24 августа 1941 года, за месяц до падения Киева и расстрела в Бабьем Яру, когда геноцид немцам еще удавалось скрывать от Америки и еле дышащей мировой общественности, резко сократившейся в размерах, когда уничтожение евреев, как одну из главных целей нацистов во Второй мировой войне, прятали в коричневых кулисах и евреи – во всяком случае в Советском Союзе – в большинстве не понимали со смертельной ясностью, что их ждет на оккупированной территории в скором будущем, Эренбург выступил на первом еврейском радиомитинге, и газета «Правда» опубликовала это обращение без купюр. Для Эренбурга намерения нацистов не были загадкой. Он прямо заявил, что гитлеровцы напомнили ему имя матери – Ханна. Всего через десяток лет – ничтожный исторический срок! – абакумовско-рюминская свора, прокатывая неоднократно эти слова в своих дознавательных норах и пытаясь придать им националистический оттенок, опять подготовилась напомнить Эренбургу, что имя его матери – Ханна.

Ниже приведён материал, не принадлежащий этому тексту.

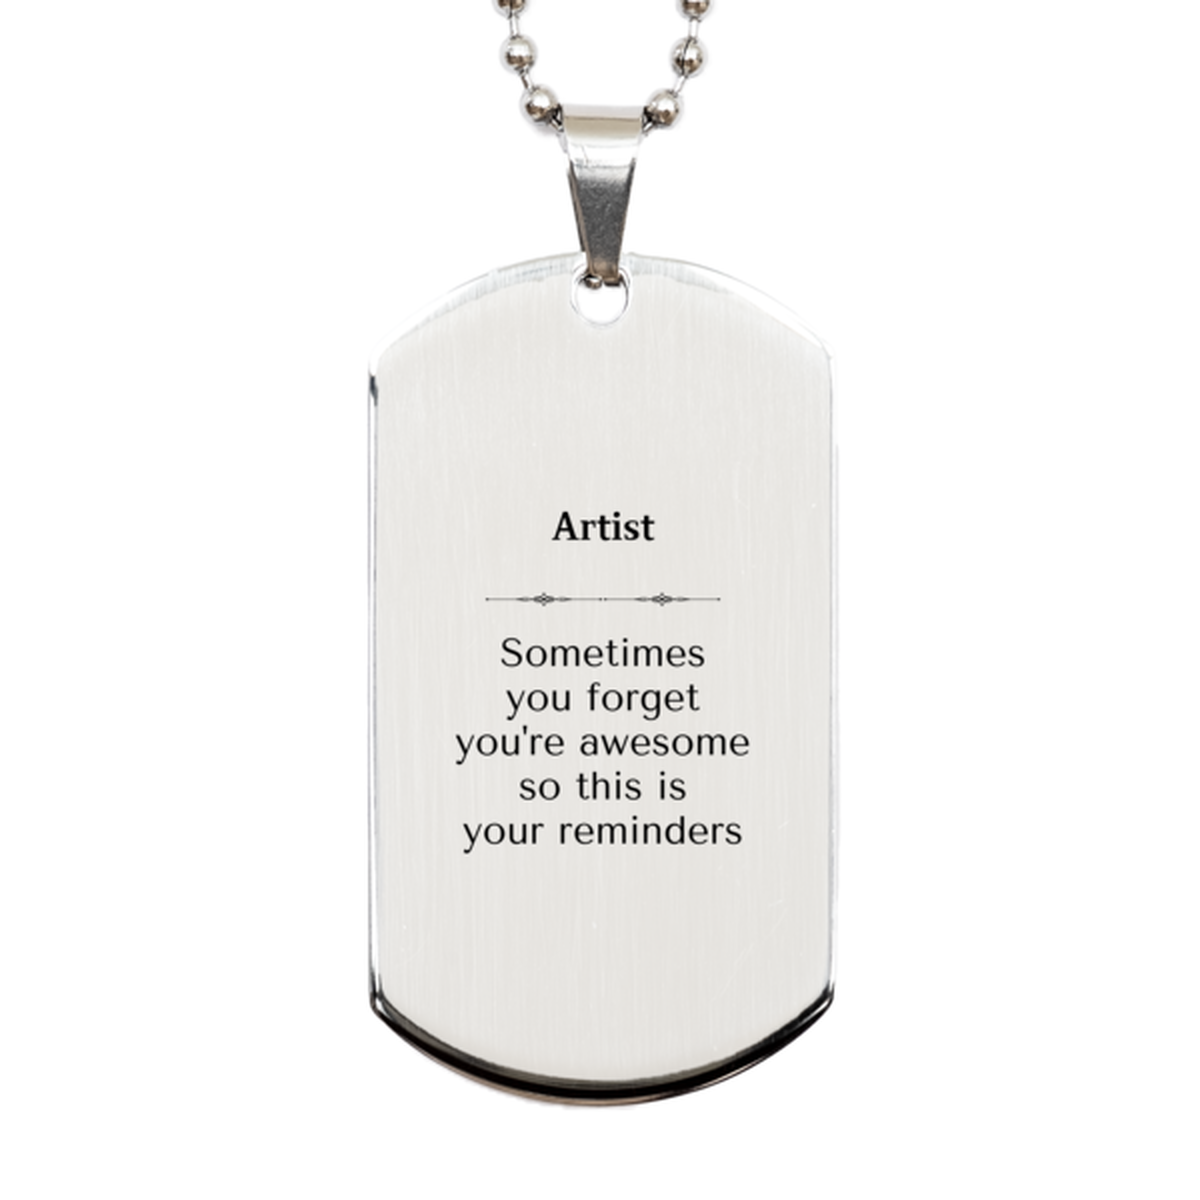 Sentimental Artist Silver Dog Tag, Artist Sometimes you forget you're awesome so this is your reminders, Graduation Christmas Birthday Gifts for Artist, Men, Women, Coworkers
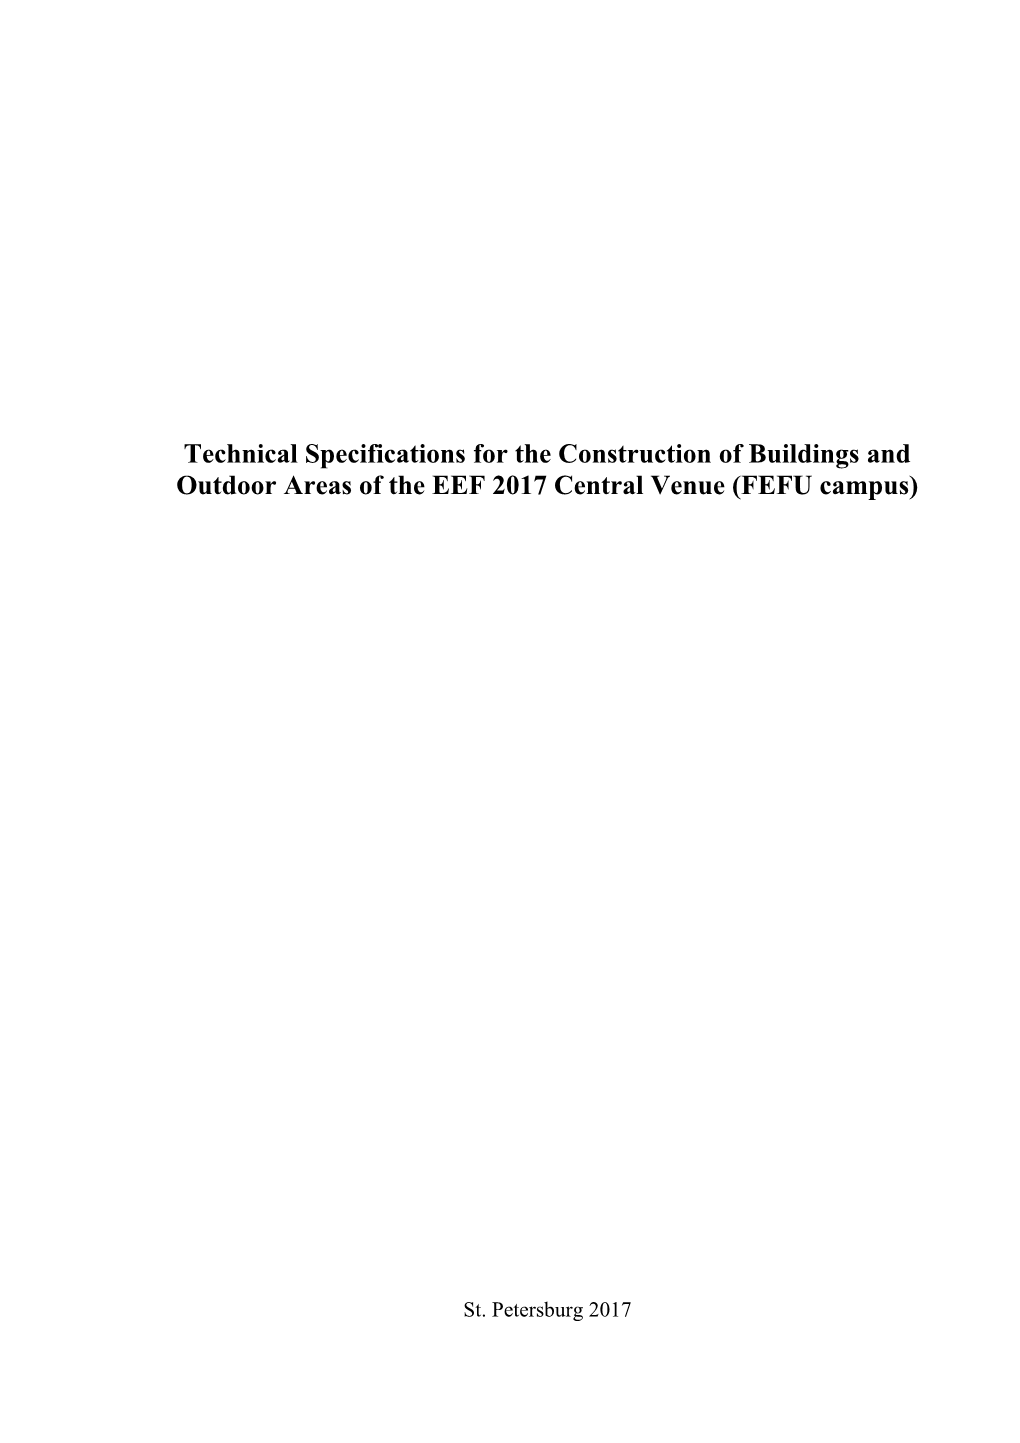 Technical Specifications for the Construction of Buildings and Outdoor Areas of the EEF

– Евреи, в нас прицелились звери! – мужественно и не таясь обращается к соплеменникам Эренбург. – Наше место в первых рядах. Мы не простим равнодушным. Мы проклянем тех, кто умывает руки.
Тогда Эренбург утвердил окончательно собственное кредо:
– Я – русский писатель, и я – еврей. Я говорю это с гордостью. Нас сильнее всего ненавидит Гитлер!..
Два уточнения. Гитлер больше всего ненавидел людей еврейского происхождения, которые считали себя русскими и которые хотели защищать Россию именно как свою мать-Родину. Слова Эренбурга сегодня невыносимы для очень многих русских нацистов и националистов: фамилии их очень хорошо известны. Но пока, слава богу, не наступило время, когда они могли бы решать, кому считать Россию родиной.
– Сейчас я, как все русские, защищаю мою родину, – говорил Эренбург, навсегда совмещая себя и свое происхождение с Россией, русским народом и русским языком.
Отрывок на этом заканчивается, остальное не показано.